The role of MTHFR polymorphisms and dietary folate in childhood cancer
Objective: To explore periconceptual genetic and environmental factors in childhood cancer, by measurement of folate intake, occupational exposures to organic solvents and polycyclic aromatic hydrocarbons (PAH), and polymorphisms in folate metabolising enzyme methylene tetrahydrofolate reductase (MTHFR) and xenobiotic metabolising enzyme glutathione-S-transferase M1 (GSTM1).
Methods: We recruited the families of 39 children with and 49 without cancer for a case-control study. Data were collected using self-administered questionnaires and buccal swabs. Organic solvent exposure was measured using the Finnish Job Exposure Matrix (FINJEM) and dietary folate was evaluated from the Australian Nutritional Tables (AUSNUT).

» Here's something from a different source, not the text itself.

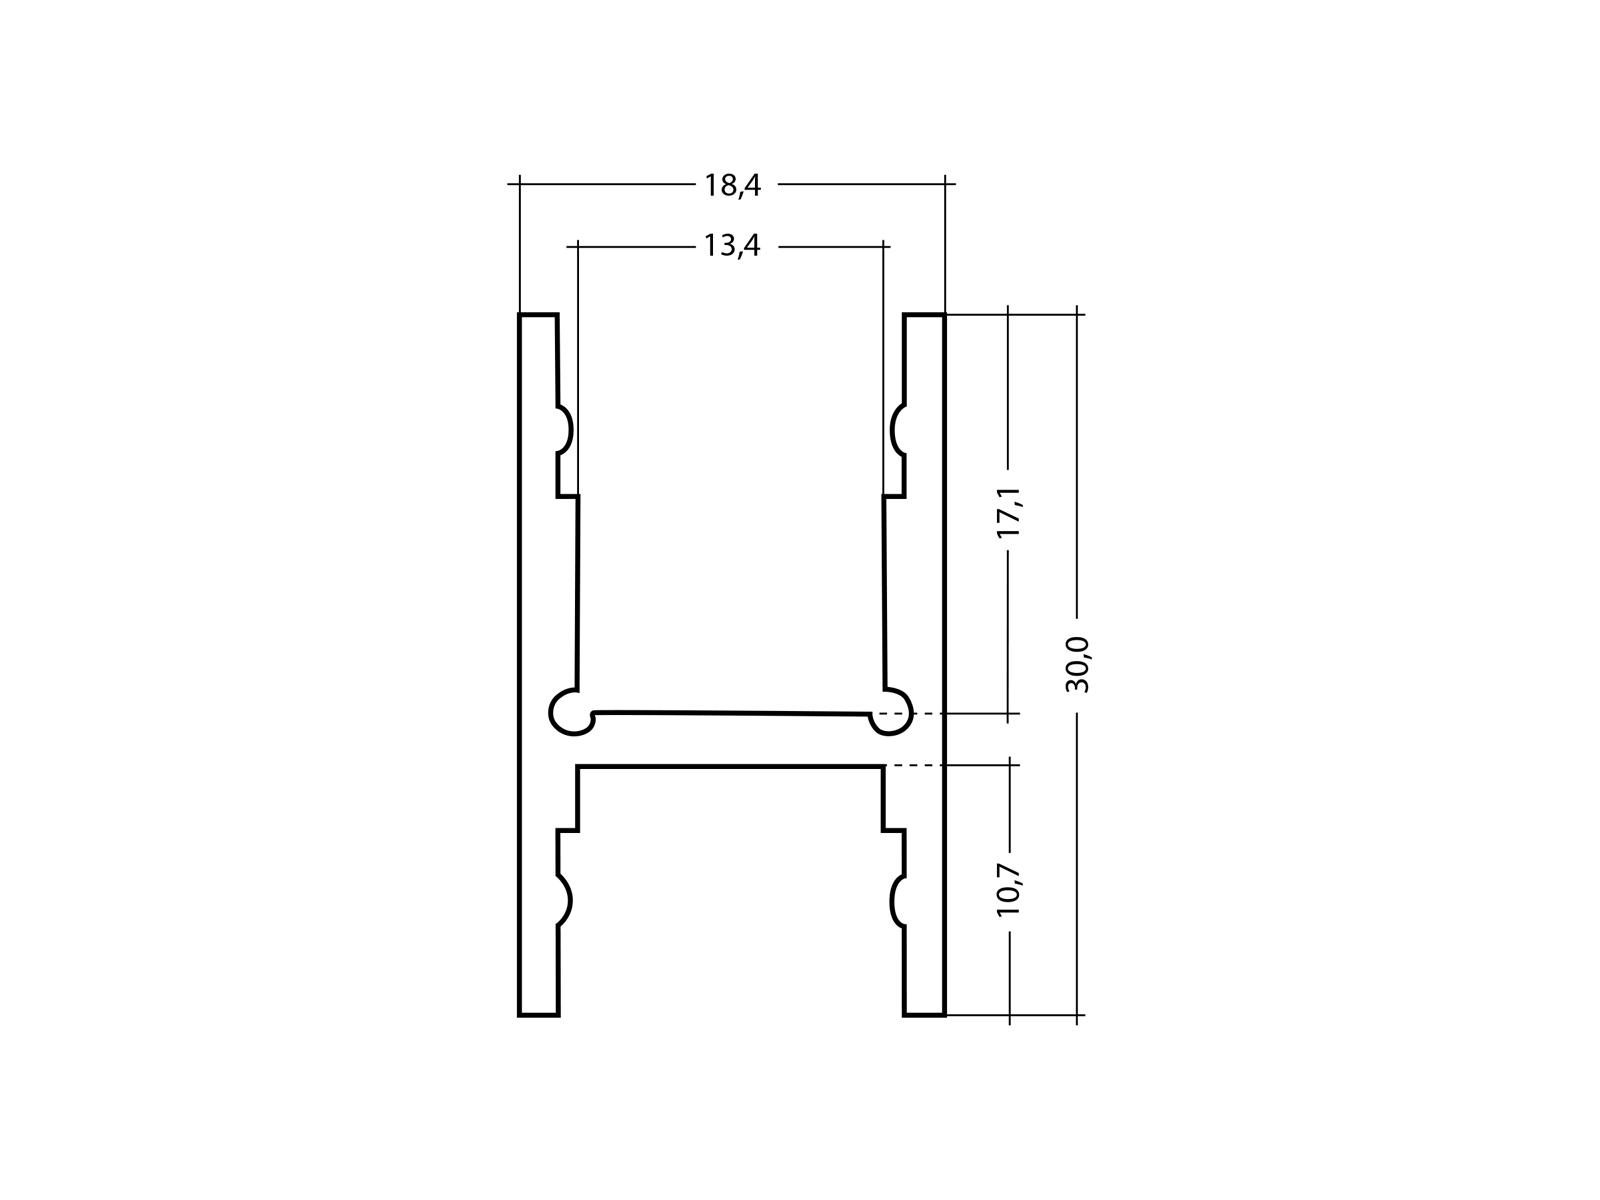 Ordentlich LED Aluprofil für Lichtleisten mit Kabelkanal zur verdeckten Montage IH63

Results: An increased risk of childhood cancer, particularly acute lymphoblastic leukaemia (ALL) was seen with the AA or AC genotype at the A1298C polymorphism of the MTHFR gene in the child (adjusted OR = 3.06, 95% CI 1.21-7.71, p = 0.018). Meta-analysis of all reports of this variant in ALL to date confirmed a significant association (combined OR 1.44, 95% CI 1.1-1.9, p = 0.01). However no association with cancer was found for parental pre-conception exposures, dietary or supplemental folate, or interactions between these environmental factors and polymorphisms in GSTM1 or MTHFR.
Conclusions: The previously reported association between childhood ALL and the MTHFR 1298 AA genotype is repeated here. This is the first study to date to examine the interaction between dietary folate and MTHFR genotype in the causation of childhood cancer. It does not support the role of preconception exposures and diet as risk factors for childhood cancer.